Predicting the Success of a QB

tom brady draft day photoA significant amount of time and money is spent on the NFL draft. If you watch any ESPN after college football is over you undoubtedly know the names: Todd McShay and Mel Kiper. For a long time I thought they were the same person. Always together on TV. “Hi! My name is Todd McShay and Mel Kiper.” A pair that must’ve first to market and planted themselves atop the mountain of draft expertise as no one else wanted to spend their entire life memorizing players metrics from A&M or GT. I couldn’t think of a better life spending hours watching game film in a lonely basement. Unfair of me?

The coverage of the NFL draft spans almost as long as Shark Week. From the physical metrics of hand-size, 40 yrd dash, and bench press to the interviews and wonderlic test (I crushed it :…|) all of this data is collected, analyzed, and weighed. NFL front offices are determining wether or not to invest in a human that they hope will have a positive ROI. A human that is absolutely flawed. Still don’t believe the hype about the draft? Hollywood made an entire movie about the NFL draft. If you can somehow muscle your way through the below trailer you are a much more patient than me. If you watch the movie than I feel very sorry for you.

The position with the most scrutiny is the quarterback. Kevin Costner would agree with me and I know Jon Gruden would as well. The right quarterback can turn a franchise around, in the same manner that the family vacation to Yellowstone would be turned around because little brother was left behind. Finding the right QB is actually quite difficult… It’s basically impossible. There is no QB tree to just pluck them from.

Looking at the top five best records of current NFL quarterbacks with at least 10 wins you will find the following names: Dak Prescott (0.812), Tom Brady (0.779), Russell Wilson (0.706), Ben Roethlisberger (0.672), and Aaron Rodgers (0.667). Dak is the only player on that list without a ring, but only has 16 games under his belt going into his Sophomore season. The below spider charts will provide further evidence that predicting the success of a QB is extremely hard. Would anyone, in their right mind, draft Tom Brady? Russell Wilson looks like a complete gamble as well! Athleticism? Check. But we all know it takes more than that! Look at RGIII or Johnny Manziel.

“A shorter stocky guy with massive hands. This is the guy who will retire Tony Romo!”

“Really tall… and… He is going to help get rid of Drew Bledsoe (a Super Bowl Winner and HOF)!”

“Short and fast… can we have him as a RB or CB? Did I mention he was short?”

“UH. A Massive human. With surprising speed?”

“Okay. Huh.”

It takes more than brawn and athleticism alone to be a franchise QB; they have to be cerebral. A smart, quick decision maker, with the ability to make the right choice under duress. In comes the wonderlic test. The hypothesis here is that a high score on this test would indicate success. If this were true then the 48 posted by Ryan Fitzpatrick would have made him a #1 overall and sure fire success. Or how about the 16 scores posted by Terry Bradshaw and Dan Marino, both Hall of Famers. Another sure to be Hall of Famer, Donavon McNabb had a 14. I should mention here that the top five QBs previously mentioned (Wilson, Brady, Prescott, Roethlisberger, Rodgers) average a 29 score. I think there are two things to consider here: (1) Football smarts is different than test smarts. It is more important to know how a player makes decisions rather than getting a mathematical question right. (2) Taking a test is hard and some players may not perform well under that specific circumstance.
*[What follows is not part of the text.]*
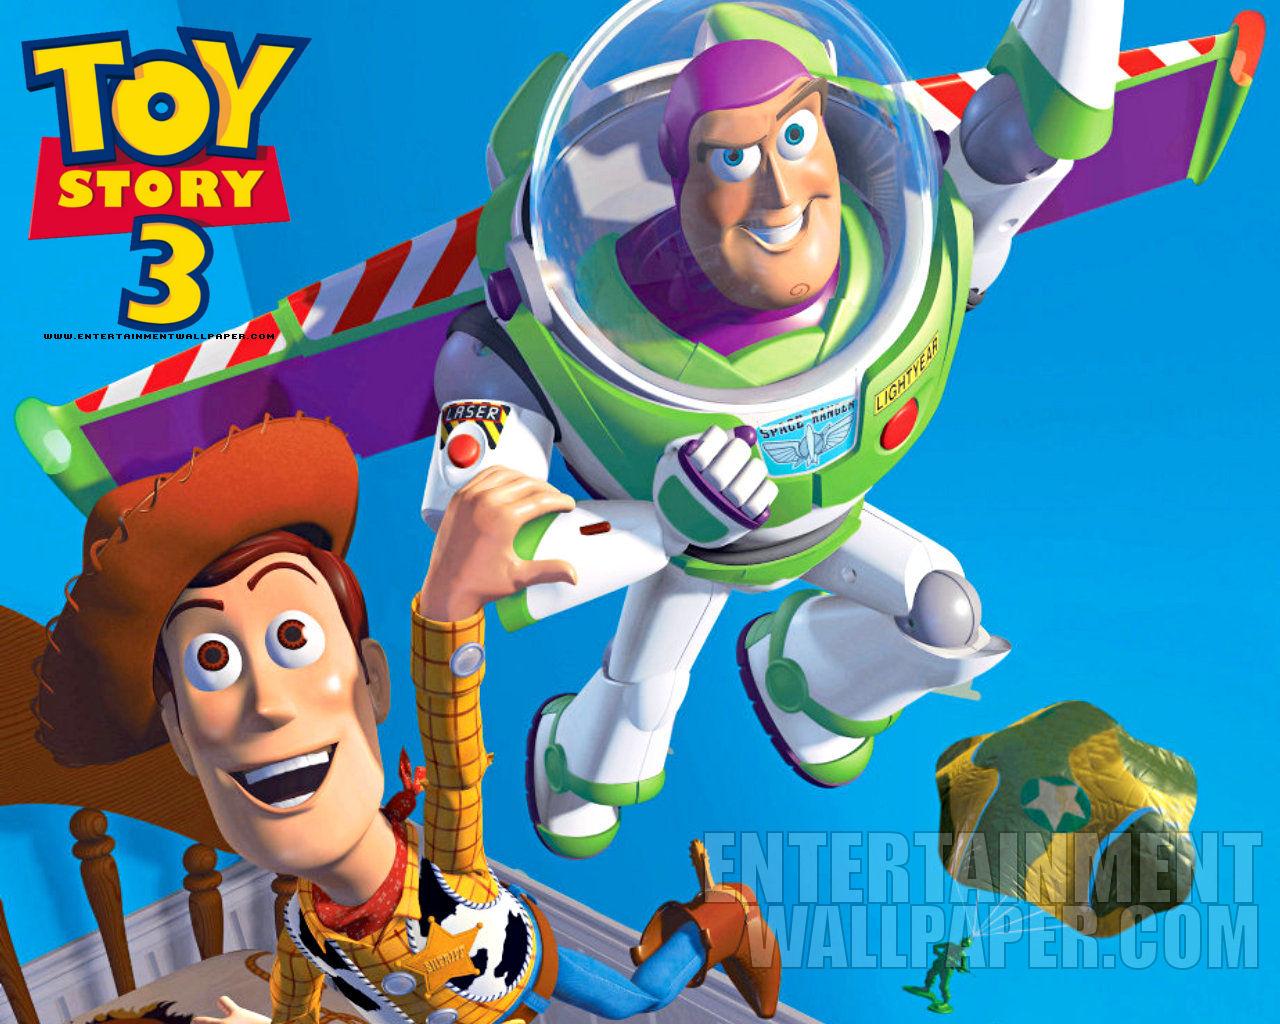 DJan-ity: Toy Story 3

It is a different kind of stress than the one on the field. However, of all the metrics taken this seems to be the most promising in rounding out the picture of a potential QB.

I want to back track to our list of current QBs with great winning percentages. What do they all have in common? A great organization behind them or truly great decisions. Its that simple. That might seem like a cop-out, cliché, or whatever, but it is true. The greatest QB could not and cannot turn a bad franchise around alone. The Browns have been chasing unicorns for years with zero success. They are a horrible franchise because they make poor decisions, over and over. USA Today listed out the top teams of the last 20 years in 2015. Know where Cleveland fell? They are 30/32 teams. That is bad. Really bad. The top five QBs I have been talking about for most of this post are in the top 10 winning franchises of the last 20 years; Patriots #1, Steelers #3, Packers #4, Cowboys #8, and Seahawks #9. They didn’t get their with just one draft move or one player. Good decisions were made over and over again. Another truth: Winning matters. It matters so much so that if teams forget how to do it, the habit of losing becomes part of the DNA. And that becomes really hard to change. Let’s switch to another sport really quick for a dramatic example – baseball. Two teams, one name. The Boston Red Sox and the Chicago Cubs. Theo Epstein. Having not won a championship in a generation to winning is an amazing feat and it started in the front office.

Wanna know how Josh Rosen is going to do next year? Wait and see who drafts him.

What is going to happen with Deshaun Watson this year? I wouldn’t hold your breath.

Why Jared Goff is a bust? The Rams winning percentage is 31/32 teams in the last 20 years.